= Financial toxicity =

Financial toxicity describes the negative impact medical expenses can have on patients in terms of their health-related quality of life. It leads to negative mental and physical effects as well as, in some cases, bankruptcy, loss of job or income, or even homelessness.

==Background==
The term financial toxicity was used in a 2009 article about the cancer drug industry "as a side effect of cancer drug treatment, along with nausea and hair loss".

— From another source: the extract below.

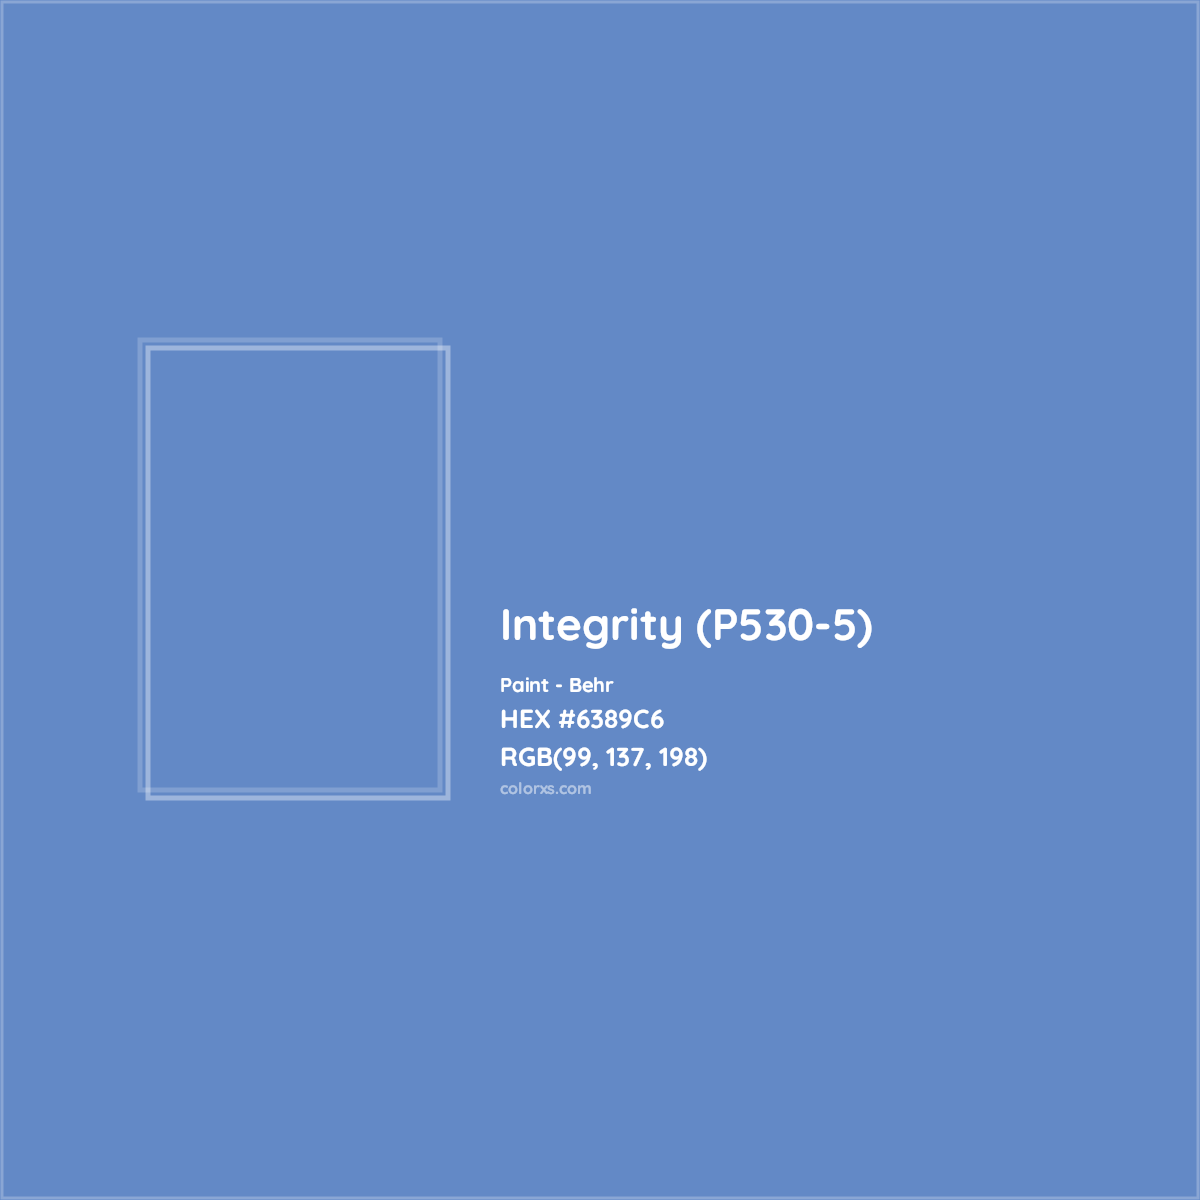 HEX #6389C6 Integrity (P530-5) Paint Behr - Color Code
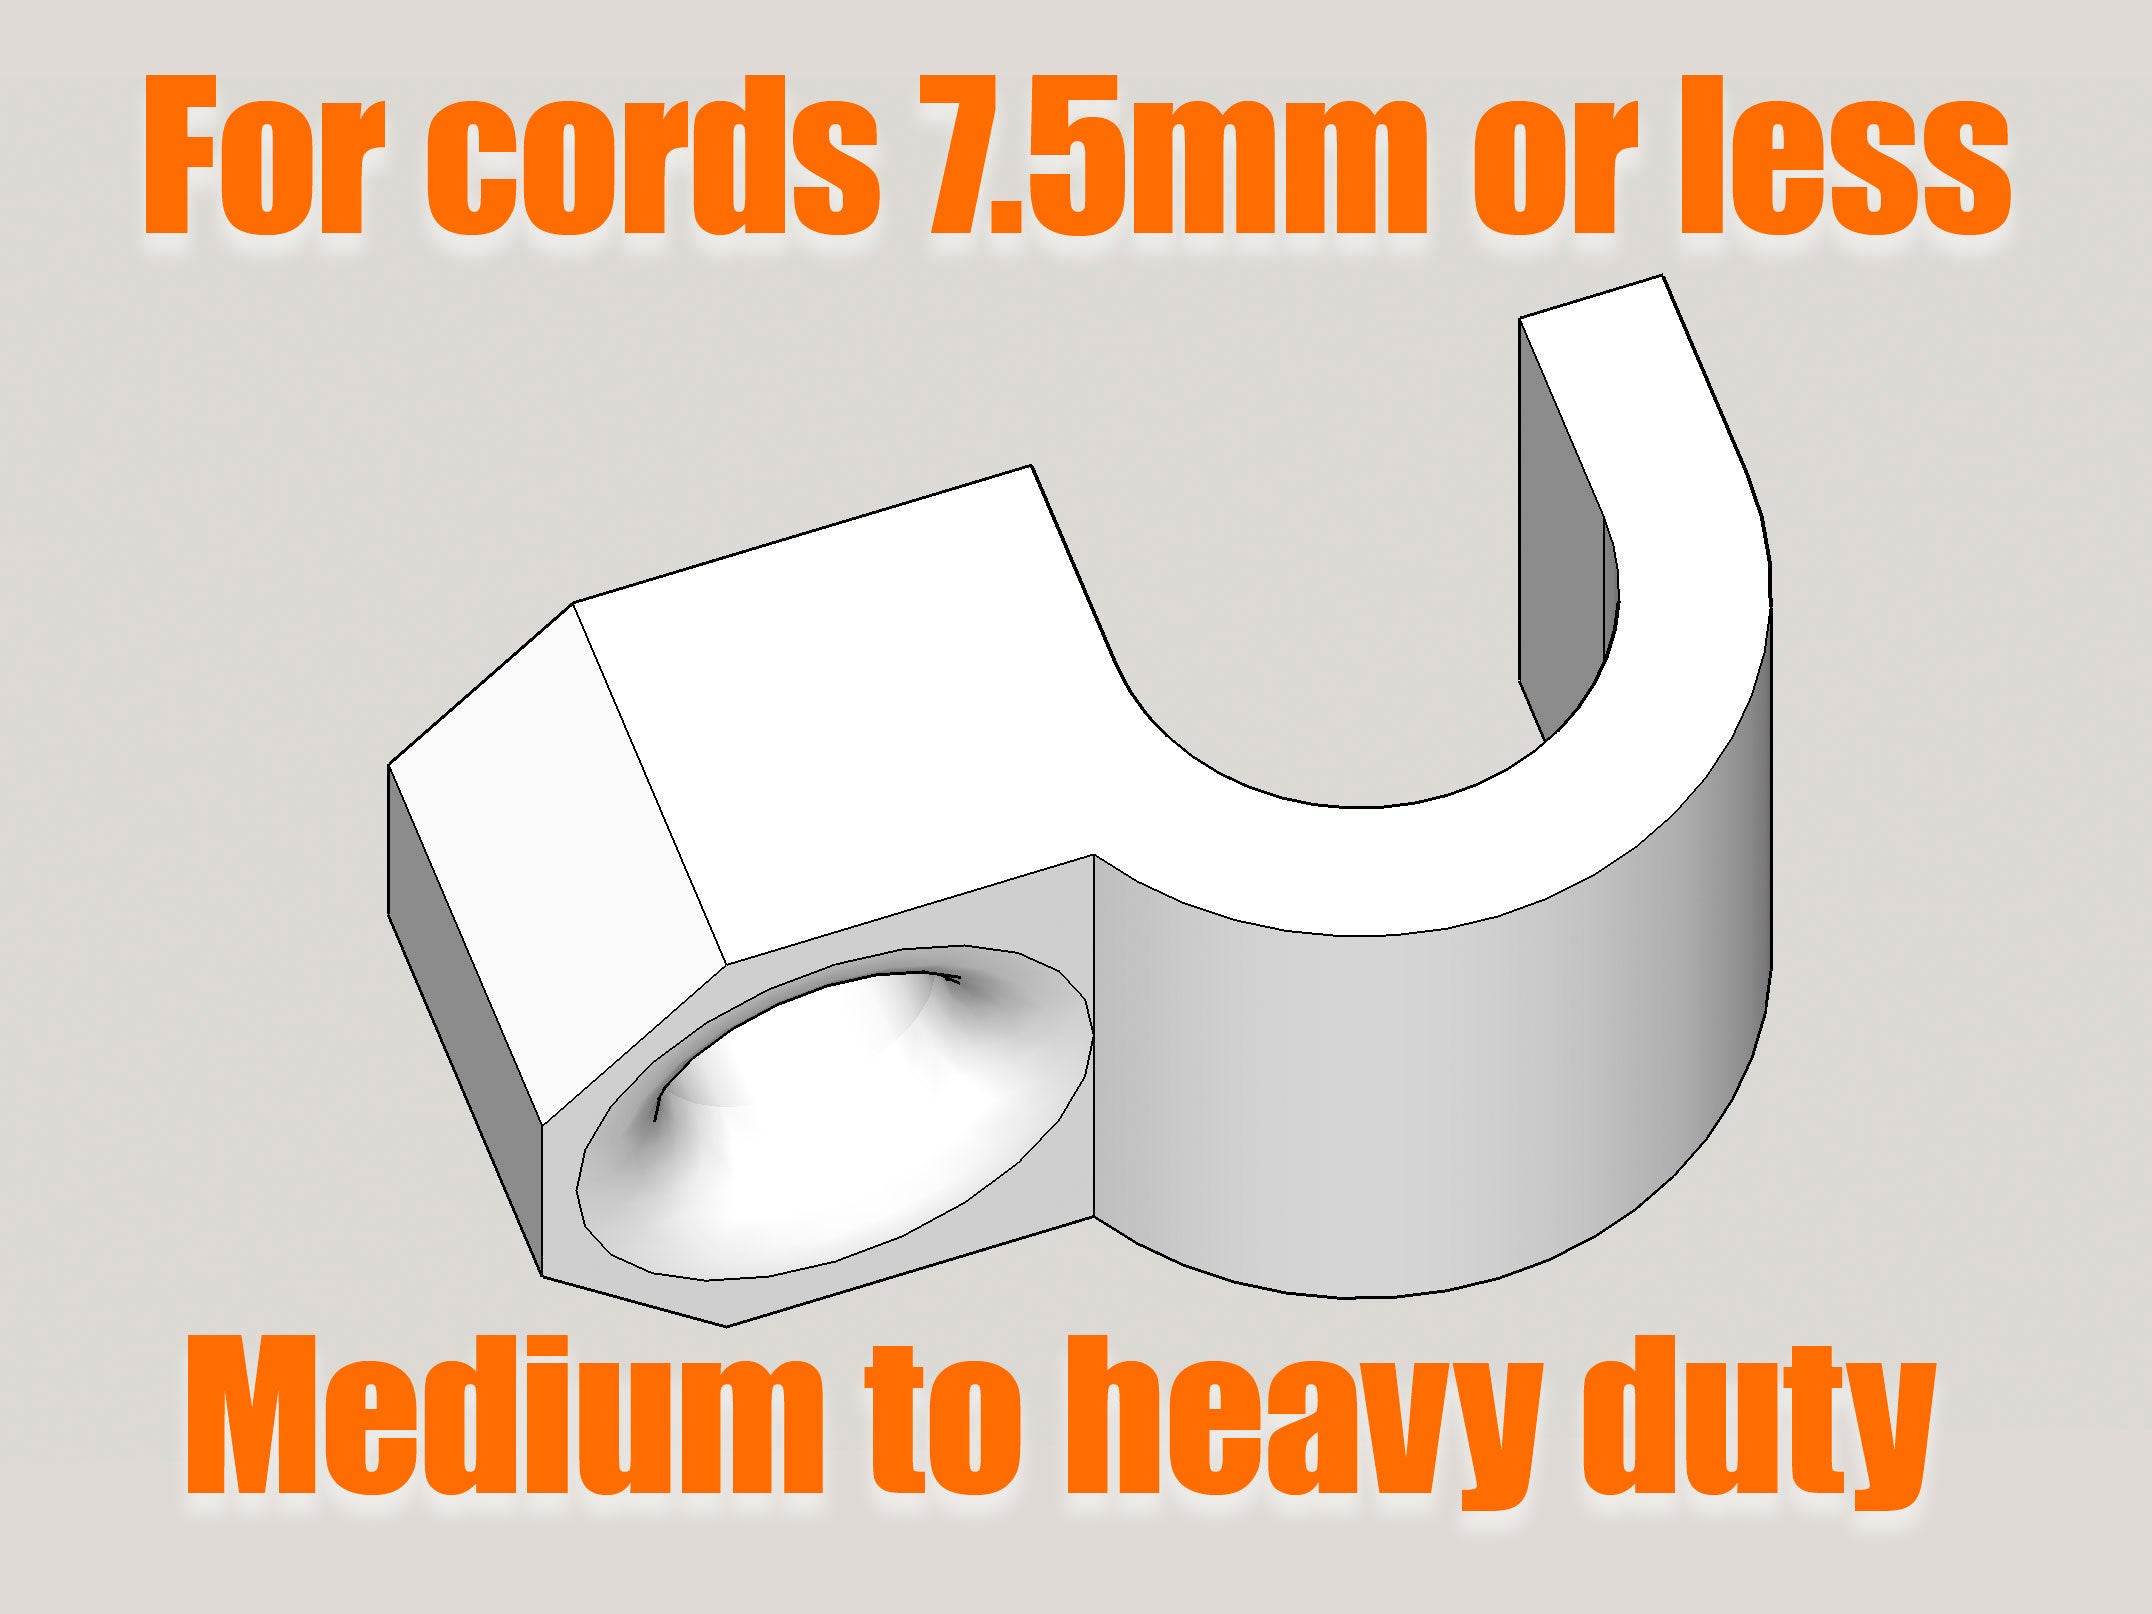 Inschroefbare kabelklem en draadorganiser voor draden van 7,5 mm of minder

The cost of medical treatment has become a major complication of treatment in the United States, leading to suffering comparable to physical suffering and damaging a person's ability to recover from their illness, according to a 2013 study published in The Oncologist Journal. Patients can forgo treatments or opt for less-cost treatments, which can have a negative impact on their health.

==Prevalence==
In a study from Oregon, almost 20% of older adults with advanced cancer experienced financial toxicity. This was assessed using 3 simple questions: "At any time in the past 3 months have you taken less medication than was prescribed for you because of the cost?" (Delayed medications); the second question was, "When you think about the amount of income that you have available in a typical month, is there enough for your food and housing costs?" (income available) and the third question was, "When you think about the amount of income that you have available in a typical month, is it enough for things you really need like clothing, medicine, repairs to the home or transportation" (enough income).

==Risk factors==
As of 2020, preexisting debt, prediagnosis conditions, type of employment like hourly versus salaried, and asset levels are "areas in need of further study" according to the National Cancer Institute. Certain types of cancer treatments requiring daily attendance to a clinic or healthcare provider can increase the risk of financial toxicity on patients.

==Interventions==
Since 2009, the American Society of Clinical Oncology has recommended ~ guidance on how healthcare professionals talk to patients about costs. Providing financial information and counseling patients with "financial navigators" have been suggested. However, cancer treatment cost information is transparent.

Increasing insurance accessibility and putting trauma-informed treatment practices in place, with the result that health insurance helps lessen financial toxicity.